Opened 2 years ago

Closed 2 years ago

#53 closed defect (fixed)

Writing large eas or coping a file with large eas trap the system r282

Reported by: gyoung Owned by:
Priority: major Milestone: Future
Component: IFS Version:
Severity: medium Keywords:
Cc: stevenhl, landb

Description

Writing large eas to a VFAT drive causes a system trap. The eas are a thumbnail created by Lucide. It also traps in fat32 when you try to copy a file with large eas attached (again a thumbnail created by Lucide). Steps to reproduce:

Place a pdf file without a thumbnail on the VFAT drive. Open it with Lucide set to create thumbnails When you close the file or Lucide (which is when the eas get written) you trap

The same thing occurs on a FAT32 drive if you copy a pdf that already has a thumbnail as part of its eas.

Note this was not happening with r280 but was with r276 and r277.

The following is the trap screen from the VFAT trap described above. I have a system dump of both traps above. I also have a system dump from just repeatedly accessing the drive from the drives folder which was also fixed by turning off eas. All these problems go away with eas turned off.

Change History (33)

comment:1 Changed 2 years ago by gyoung

This is the correct trap screen info. The one in ticket 52 was not and I can't figure out how to edit the description. Sorry Thanks

#

TRAP SCREEN INFORMATION

OS/2 Kernel Revision 14.200_SMP Exception in module:

TRAP 0008 ERRCD=0000 ERACC= ERLIM= CPU=00

EAX=ff78cf28 EBX=ff78cf28 ECX=ff78cf28 EDX=00001001 ESI=ff67f258 EDI=fed20000 EBP=00004f78 FLG=00010202 CS:EIP=0168:fff43cae CSACC=c09b CSLIM=ffffffff SS:ESP=1530:00004f50 SSACC=1097 SSLIM=00004f4f DS=0160 DSACC=c093 DSLIM=ffffffff CR0=8001003b ES=0160 ESACC=c093 ESLIM=ffffffff CR2=fc318ff8 FS=0000 FSACC= FSLIM= GS=0000 GSACC= GSLIM= %fff43900 OS2KRNL _pgGetPF + 3ae #

comment:2 Changed 2 years ago by valerius

How can I cause Lucide to create *large* thumbnail?
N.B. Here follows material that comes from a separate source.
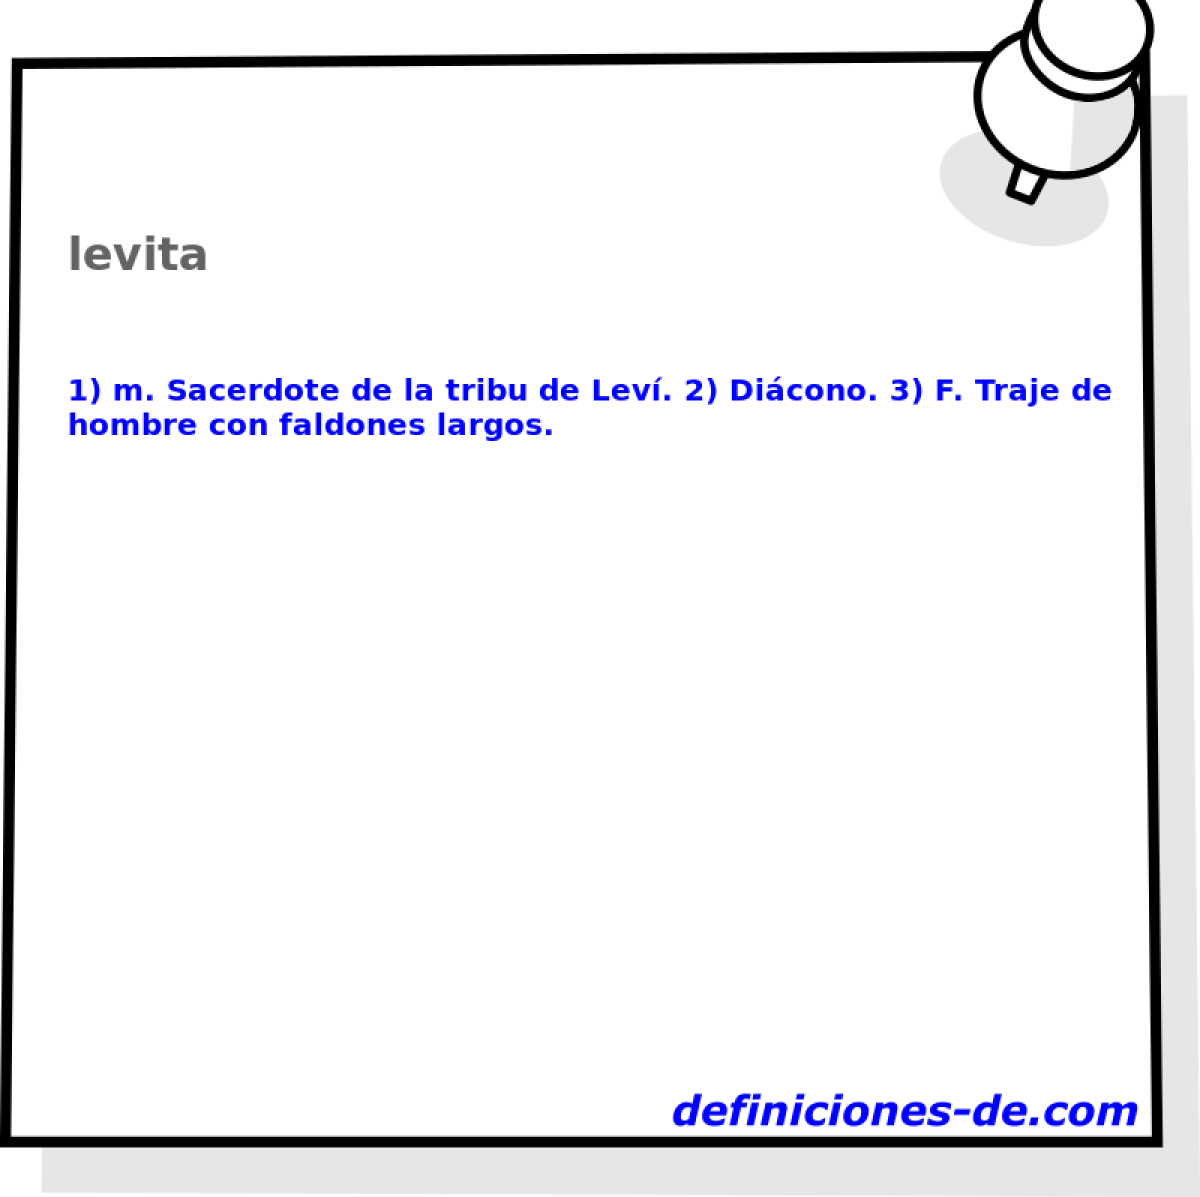 levita

My PDF file has 6766 bytes thumbnail and it does not trap. Another file is 12 MB in size and thumbnail is 30 KBytes. How much bytes should be the Large thumbnail? 60 KB? Maybe, this could be easier achieved with PMView? As I heard, it can create large thumbnails too. But my PMView version does not create thumbnails. Maybe, because it is unregistered? (I see nothing about thumbnails in its settings).

PS: Trap 0008 screen is useless, because it is second trap, which has occured when processing the first trap. But I need the first trap, not the second. It looks like the page fault occured, and it trapped in its handler.

comment:3 Changed 2 years ago by valerius

PPS: since r280, I didn't changed anything related to EA's. So everything should be the same on r282 like on r280 (and on r276/r277 too).

Last edited 2 years ago by valerius (previous) (diff)

comment:4 follow-up: Changed 2 years ago by valerius

Could you upload somewhere a zipped file with large EA's? Hm, tried a 50 MB .pdf file, but it's thumbnail is only 9 KB...

Last edited 2 years ago by valerius (previous) (diff)

comment:5 in reply to: ↑ 4 Changed 2 years ago by aschn

Replying to valerius:

Could you upload somewhere a zipped file with large EA's? Hm, tried a 50 MB .pdf file, but it's thumbnail is only 9 KB...

Just take a huge REXX file. REXX.TOKENSIMAGE can get larger.

comment:6 Changed 2 years ago by valerius

I have only PPWizard, which is too huge (300 KB) and it does not fit into EA's. Also, I have some install.cmd of 40 KB in size. Its REXX.TOKENSIMAGE is only 37 KB, which is not much. Others are small. So, it doesn't help me.

comment:7 follow-up: Changed 2 years ago by valerius

I generated a REXX file with 1842 "say Line #XXX" lines. A REXX.TOKENSIMAGE of 44 KB in size is created. But if I add 1843th line, no EA's created at all. So, I cannot create EA's > 44 KB.

comment:8 Changed 2 years ago by valerius

Looking at it closer, I see that except for 44 KB REXX.TOKENSIMAGE, there is also 21 KB REXX.LITERALPOOL, total 65 KB which is close to the maximum. I copied it to FAT32 partition -- no trap. The same is with FAT16 and exFAT partitions.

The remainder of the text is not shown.